**PROVIDED MATERIAL**
**********

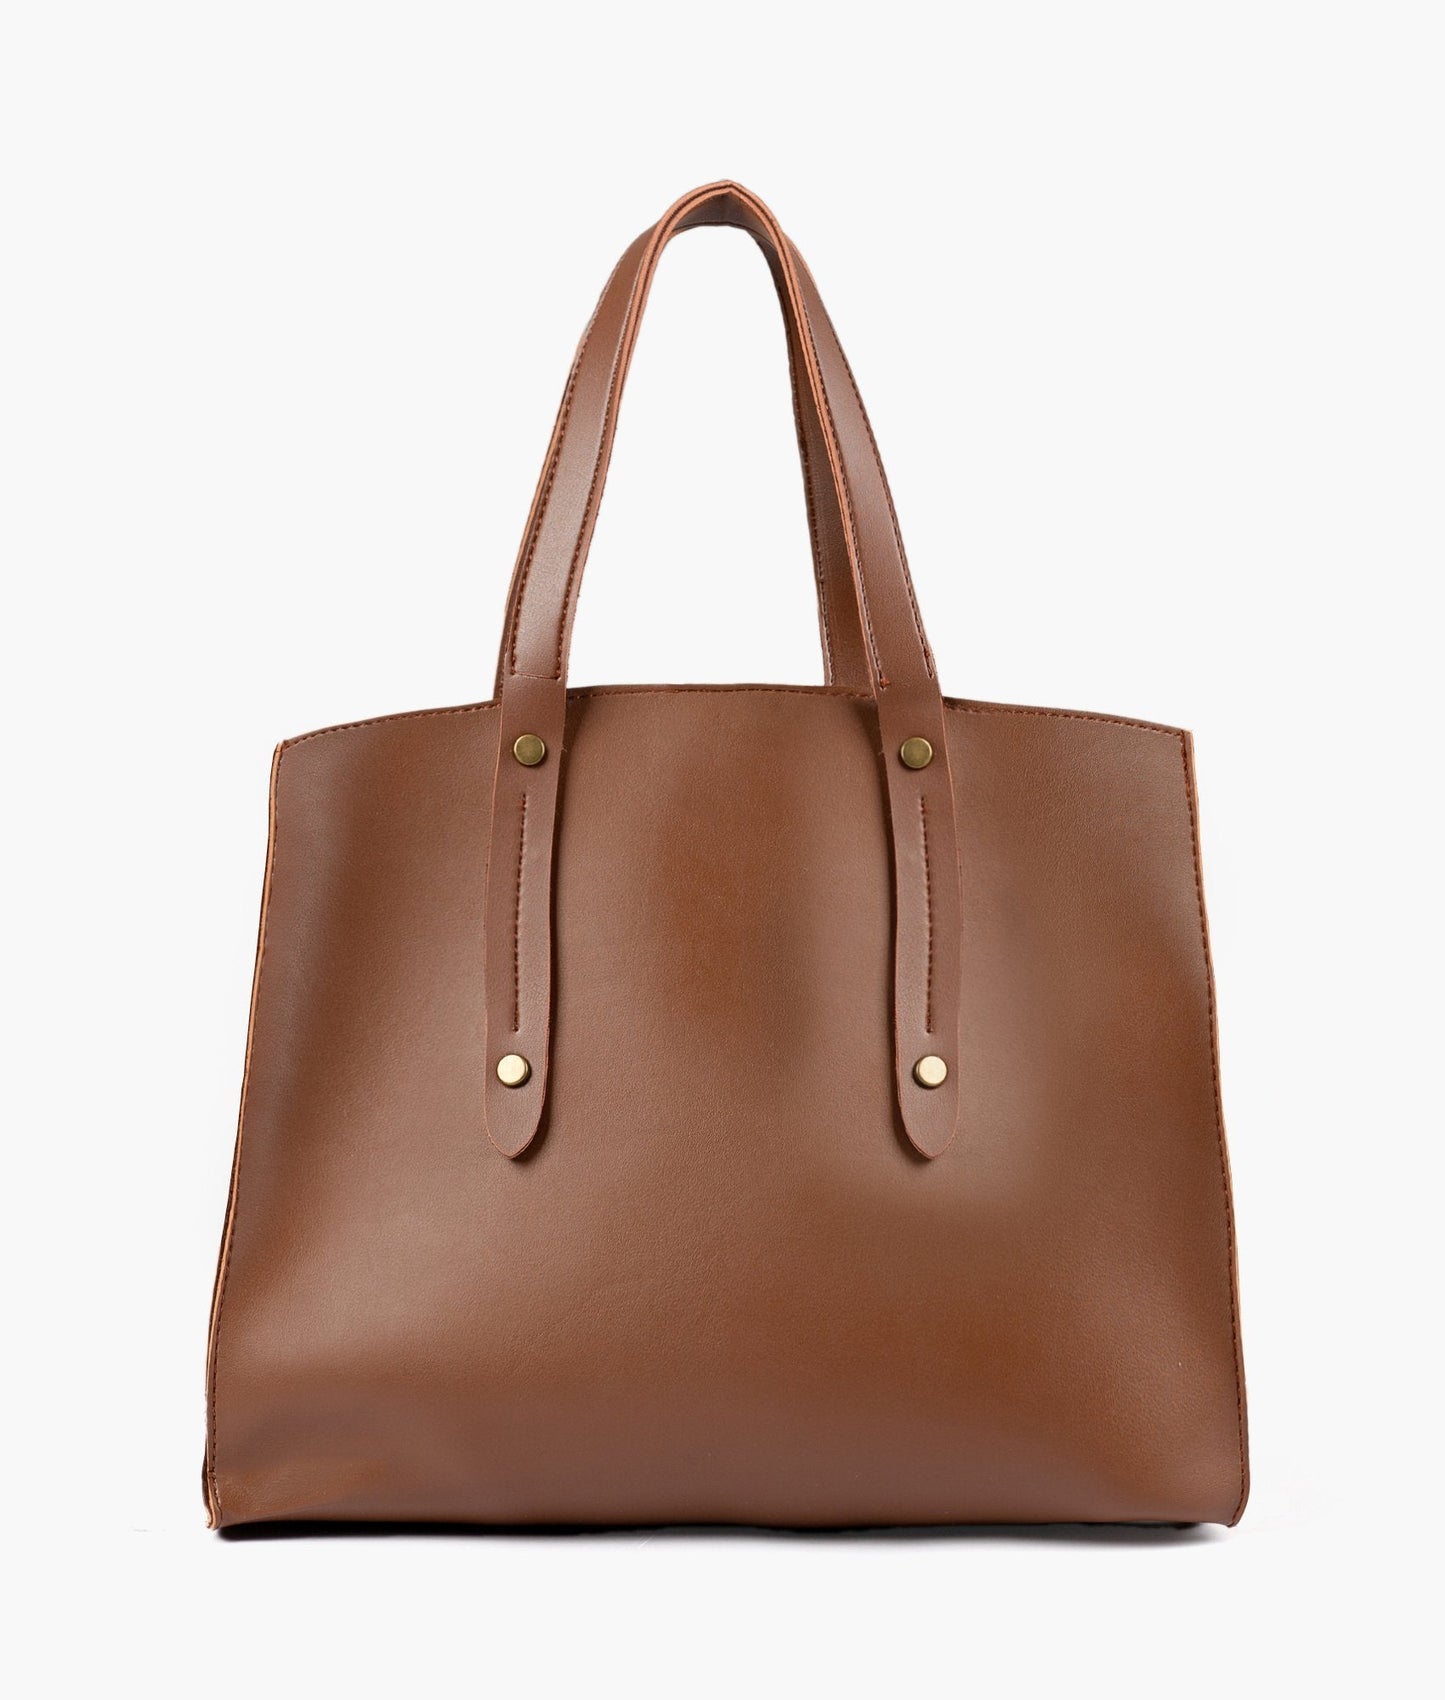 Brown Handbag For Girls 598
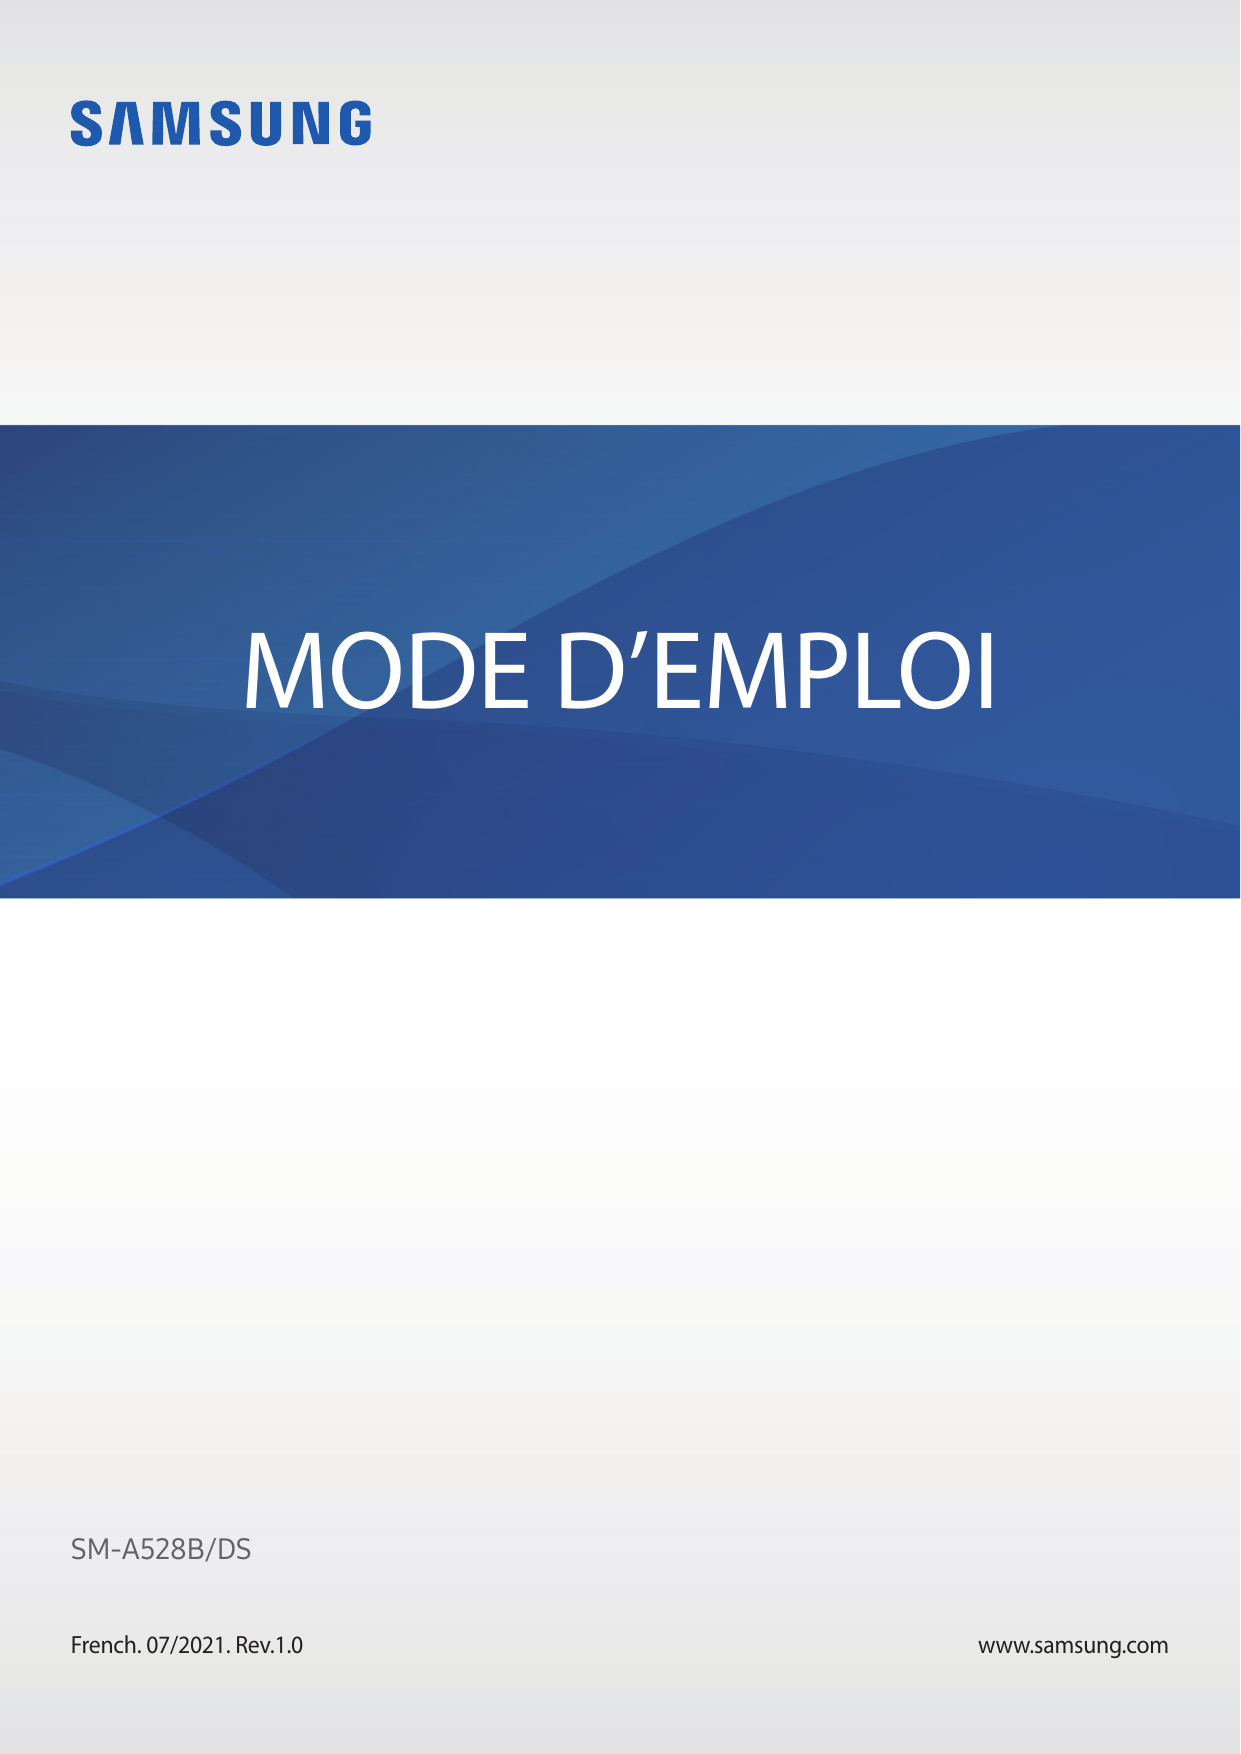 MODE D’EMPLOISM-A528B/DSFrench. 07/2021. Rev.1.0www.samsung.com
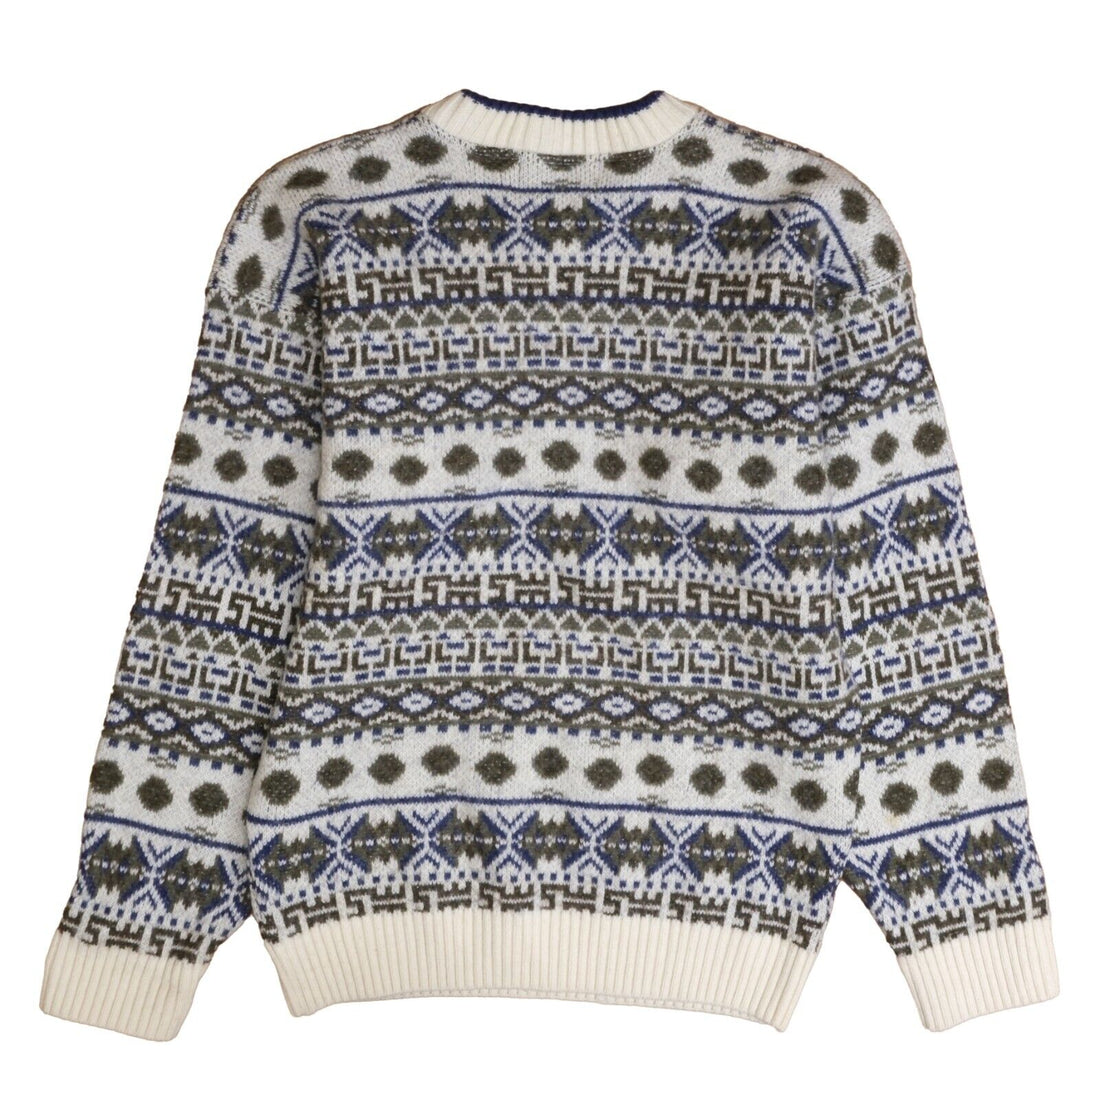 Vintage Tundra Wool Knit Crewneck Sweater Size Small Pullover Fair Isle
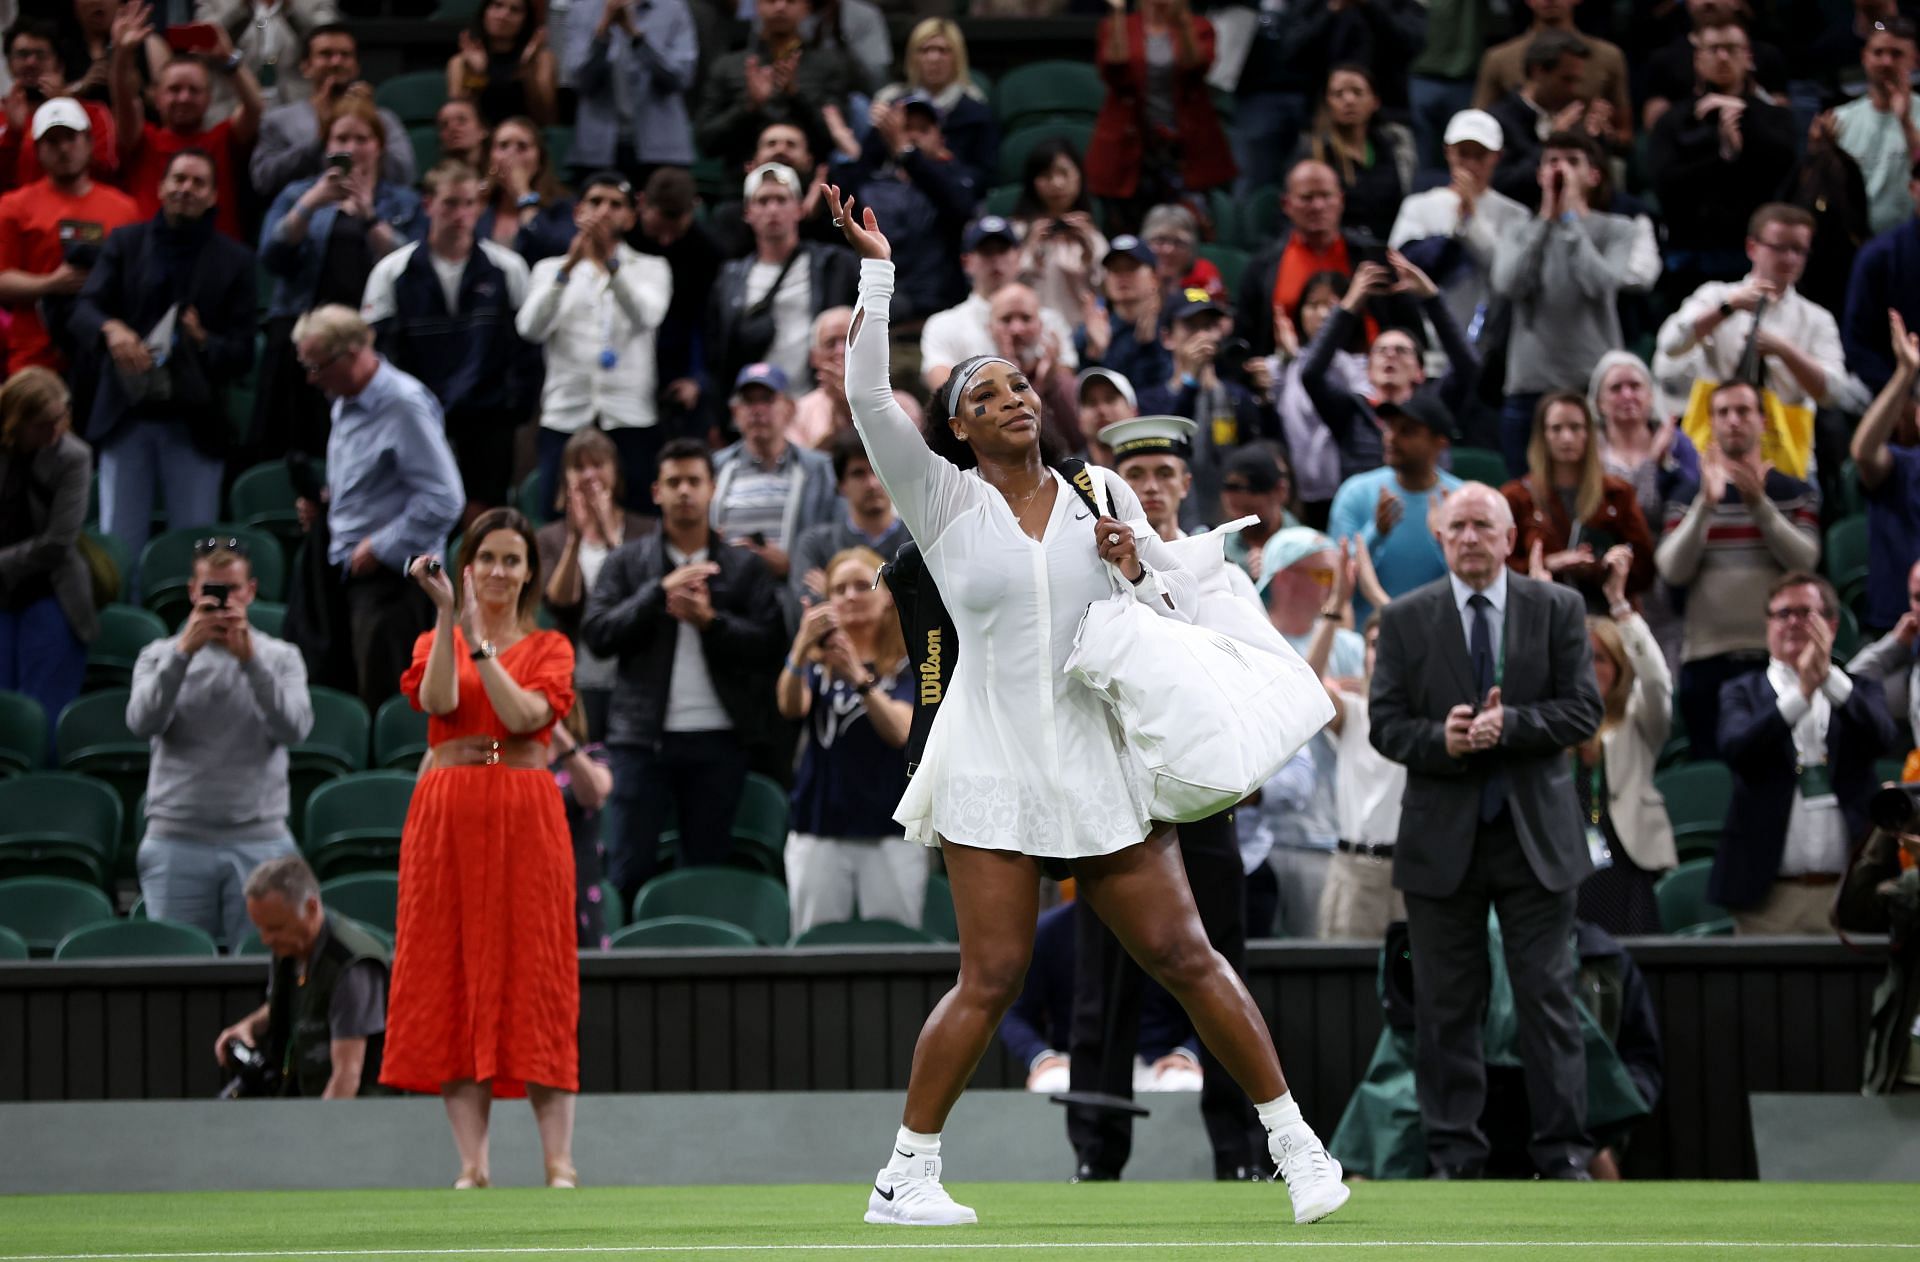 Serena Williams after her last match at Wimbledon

**********

**DIRECTIONS**
Exactly as written, restate the listing above with its pictures omitted.

**TASK RESPONSE**
 Brown Handbag For Girls 598
 MODE D’EMPLOISM-A528B/DSFrench. 07/2021. Rev.1.0www.samsung.com
 Vintage Tundra Wool Knit Crewneck Sweater Size Small Pullover Fair Isle
 Serena Williams after her last match at Wimbledon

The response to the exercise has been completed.